Recreational water illnesses (RWI), or illnesses resulting from infectious agents acquired while swimming in pools, hot tubs, lakes, oceans, and other similar water venues, have been steadily increasing since the early 1990s, perhaps as a result of increasing numbers of bathers and the emergence of new infectious pathogens (1). Although outbreaks of RWI include a variety of illnesses, including skin, ear, eye, and respiratory infections, gastroenteritis is the most commonly reported illness (1,2). Common disinfectant agents for recreational water do not immediately destroy all pathogens, such as Cryptosporidium parvum (3), which pose a threat of prolonged outbreaks associated with contamination of chlorinated swimming pools (47).

Exposure to treated recreational water and infectious agents is high, with ≥350 million swimming visits in the United States annually (8). Children are particularly vulnerable to RWI because of their developing immune systems and high exposure to recreational water. However, many parents remain largely unaware of RWI, and most may underestimate their children's risk of getting sick from swimming (9). Preventing the spread of RWI requires a 2-fold approach with steps to prevent self-exposure and contamination of others. Swimmers must refrain from contaminating the water (e.g., avoiding swimming while having a diarrheal illness), and swimmers must also avoid exposing themselves to contaminated water, especially by swallowing it. Because parents may not perceive their children to be at risk for RWI, they have little motivation to adopt behavior modifications that can reduce the risk of their children contracting RWI and contaminating recreational water.

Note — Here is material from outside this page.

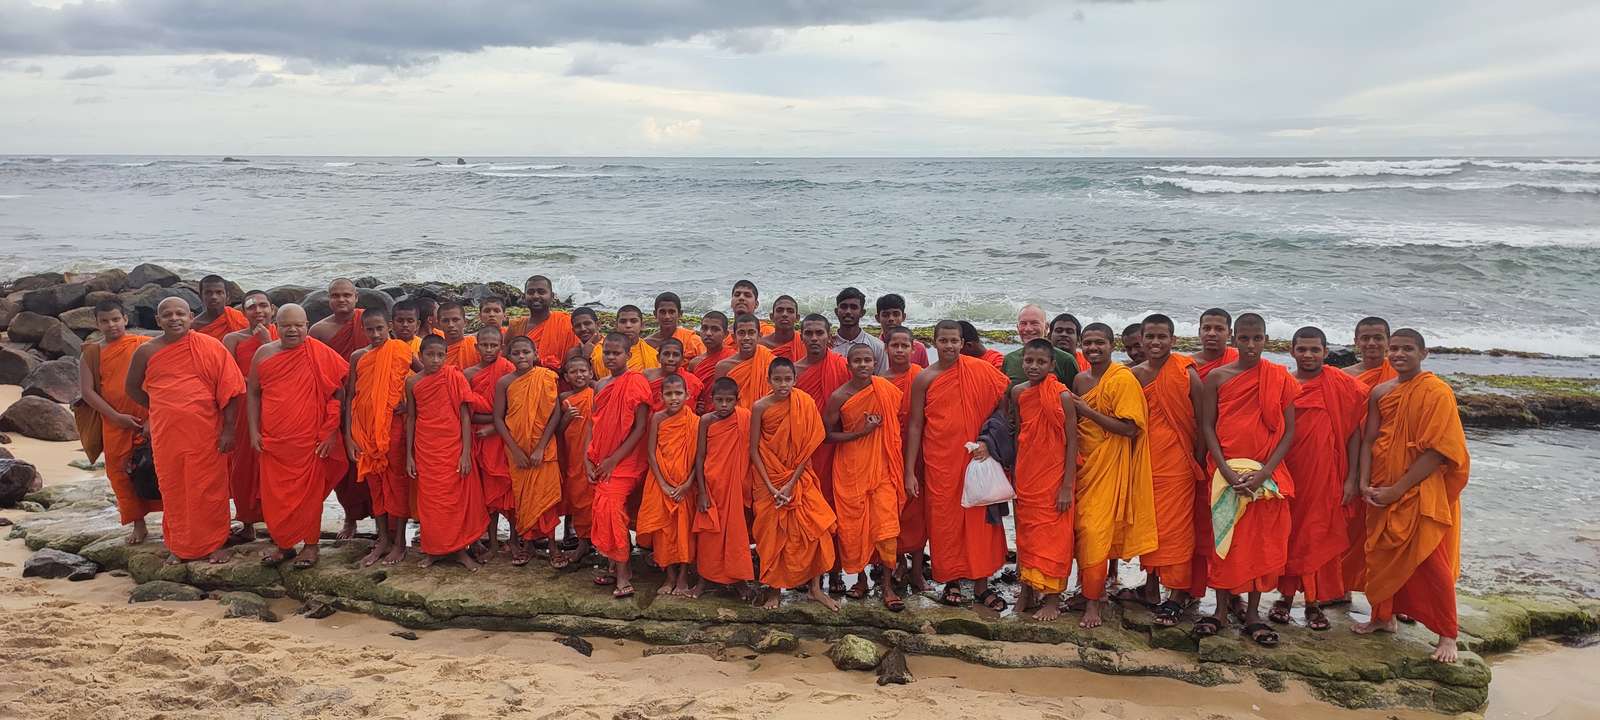 Монахи на пляже онлайн-пазл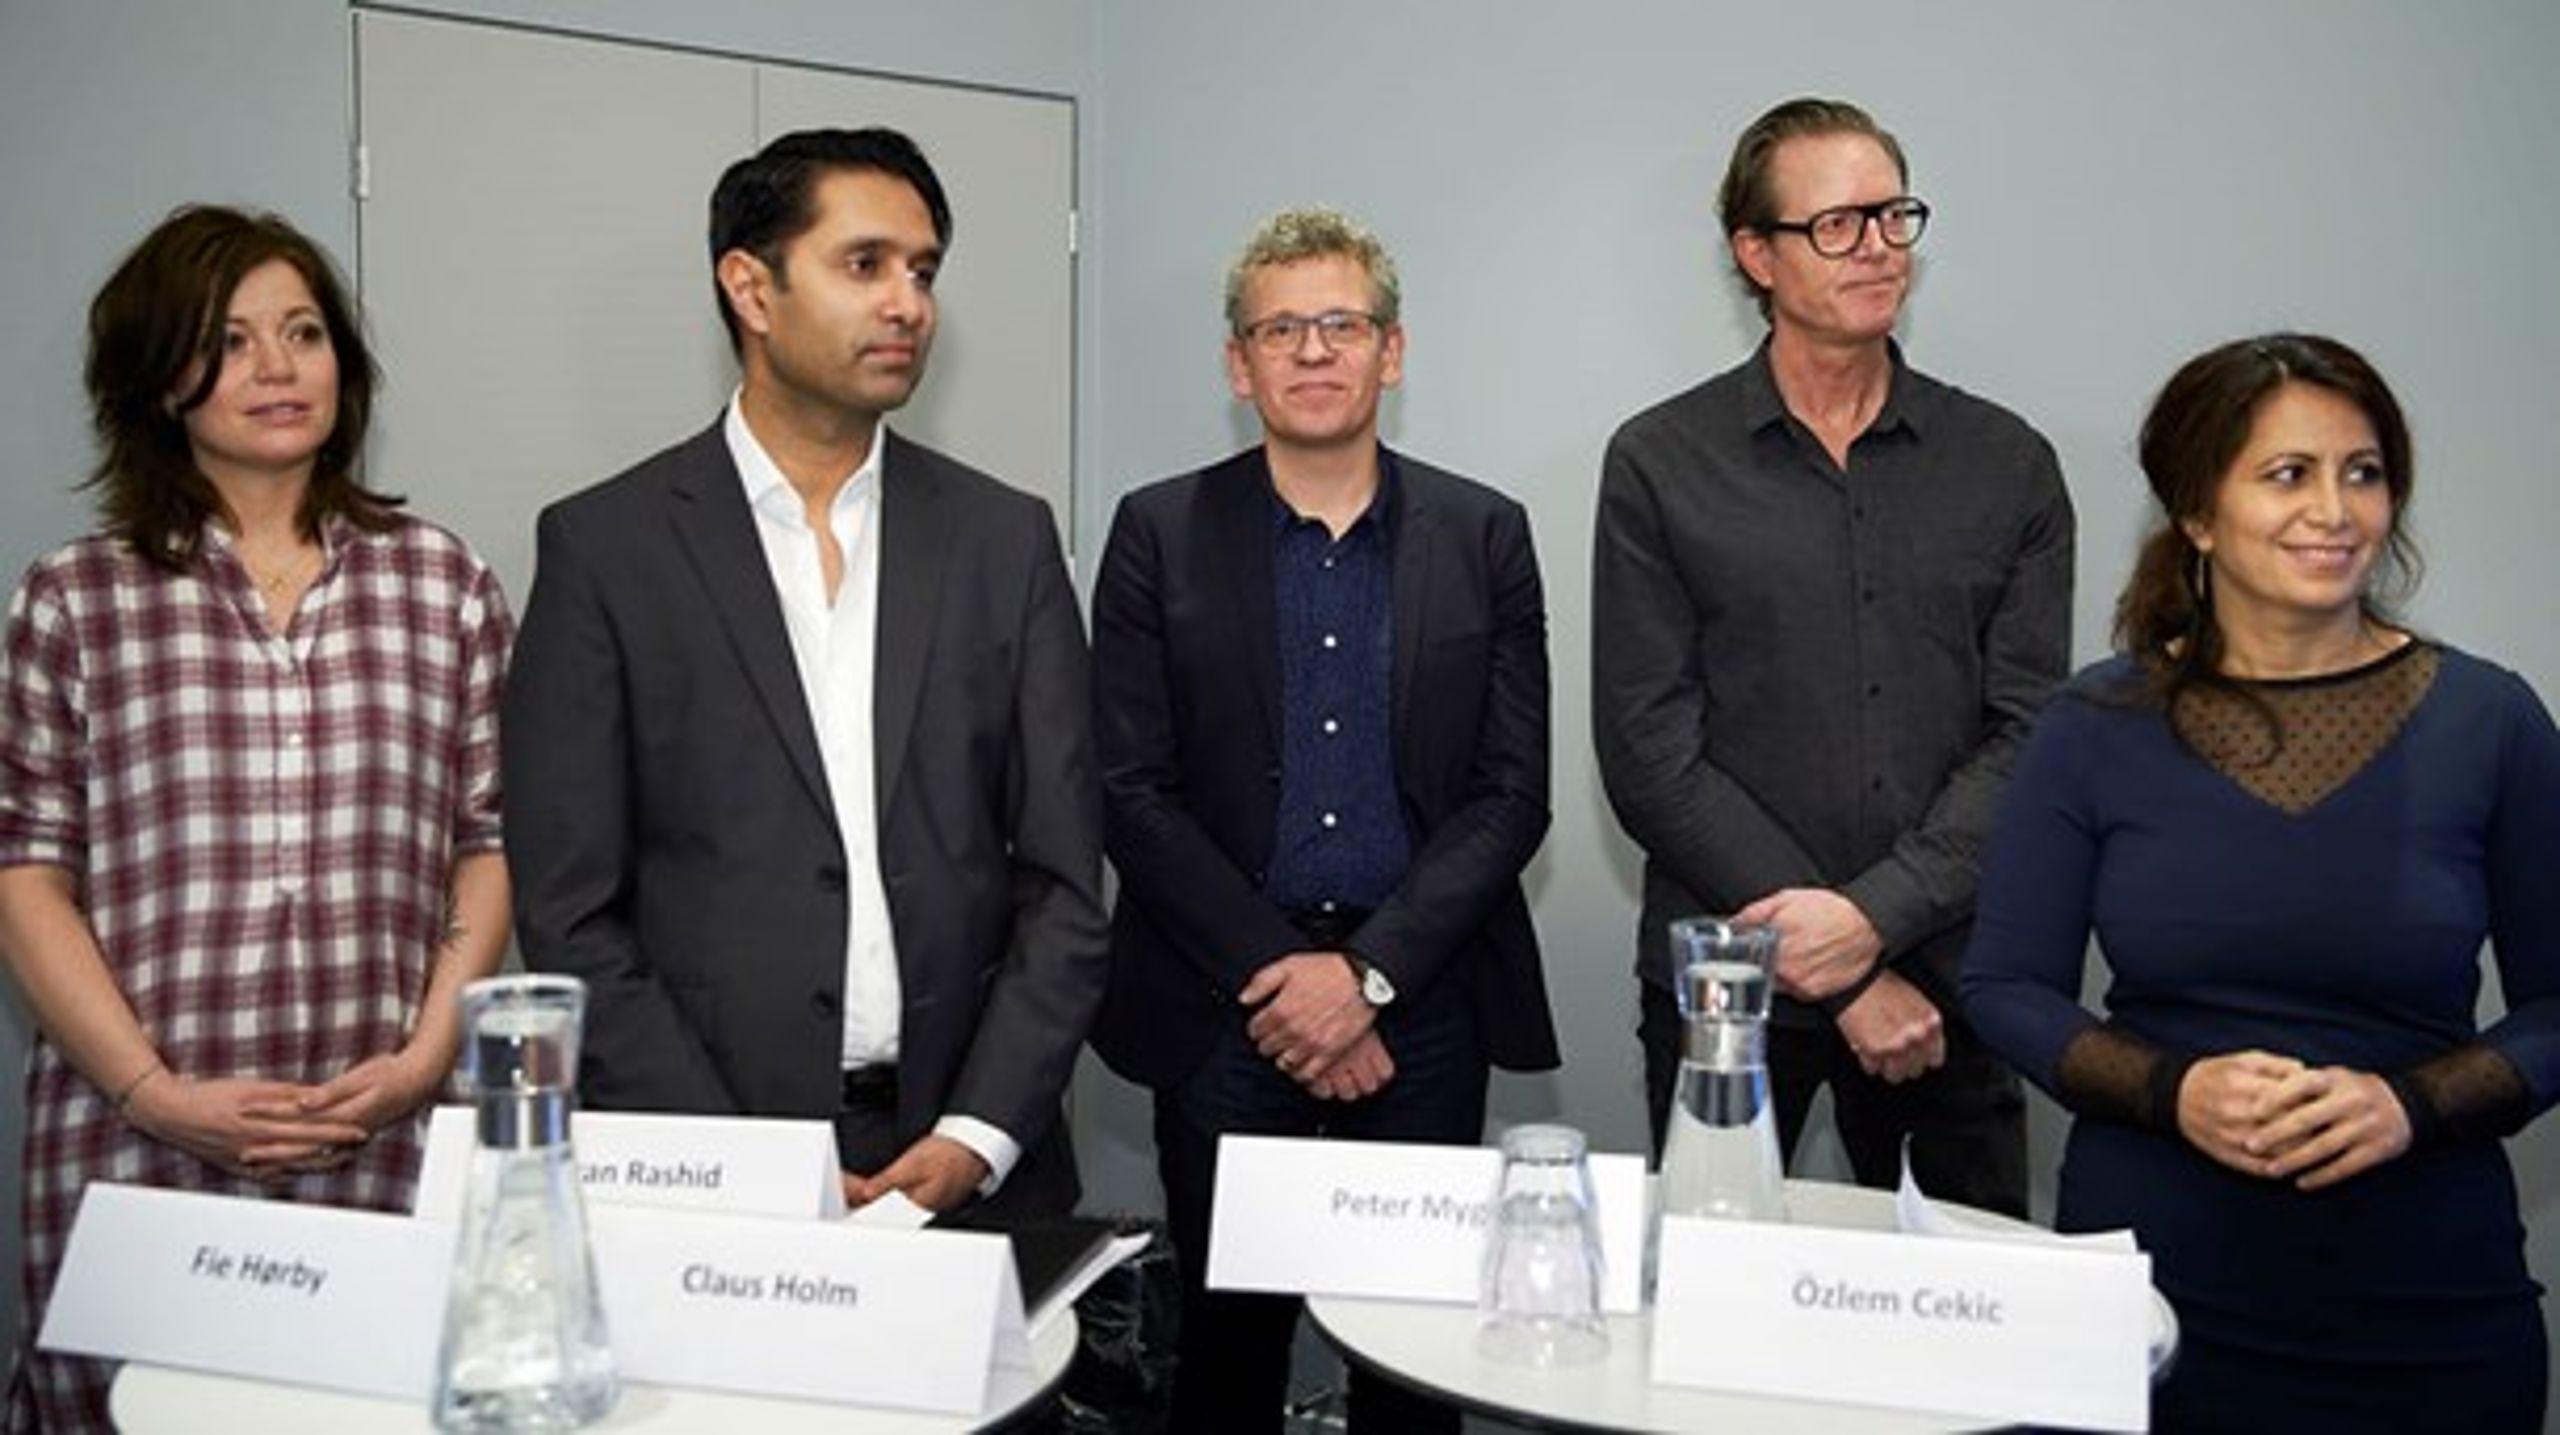 Det 11 mand høje opdragelses-panel består blandt andre af (fra venstre mod højre) Fie Hørby, Imran Rashid, Claus Holm, Peter Mygind og Özlem Cekic.

A person's perceived risk for an adverse outcome is considered an important factor in the adoption process of preventive behavior (10). Research on emerging infectious diseases and other health problems has found that perceived risk is an important predictor for persons taking protective actions (1014). Perceived risk also is likely to have an important role in adopting preventive behavior against RWI (9). Although no known instrument currently exists to measure parents' perceived risk for RWI transmission to their children, having a means of gauging perceived risk is valuable for exploring how and why persons are motivated to adopt RWI preventive behavior, identifying the educational needs of a target population, and evaluating efforts designed to promote the adoption of preventive behavior.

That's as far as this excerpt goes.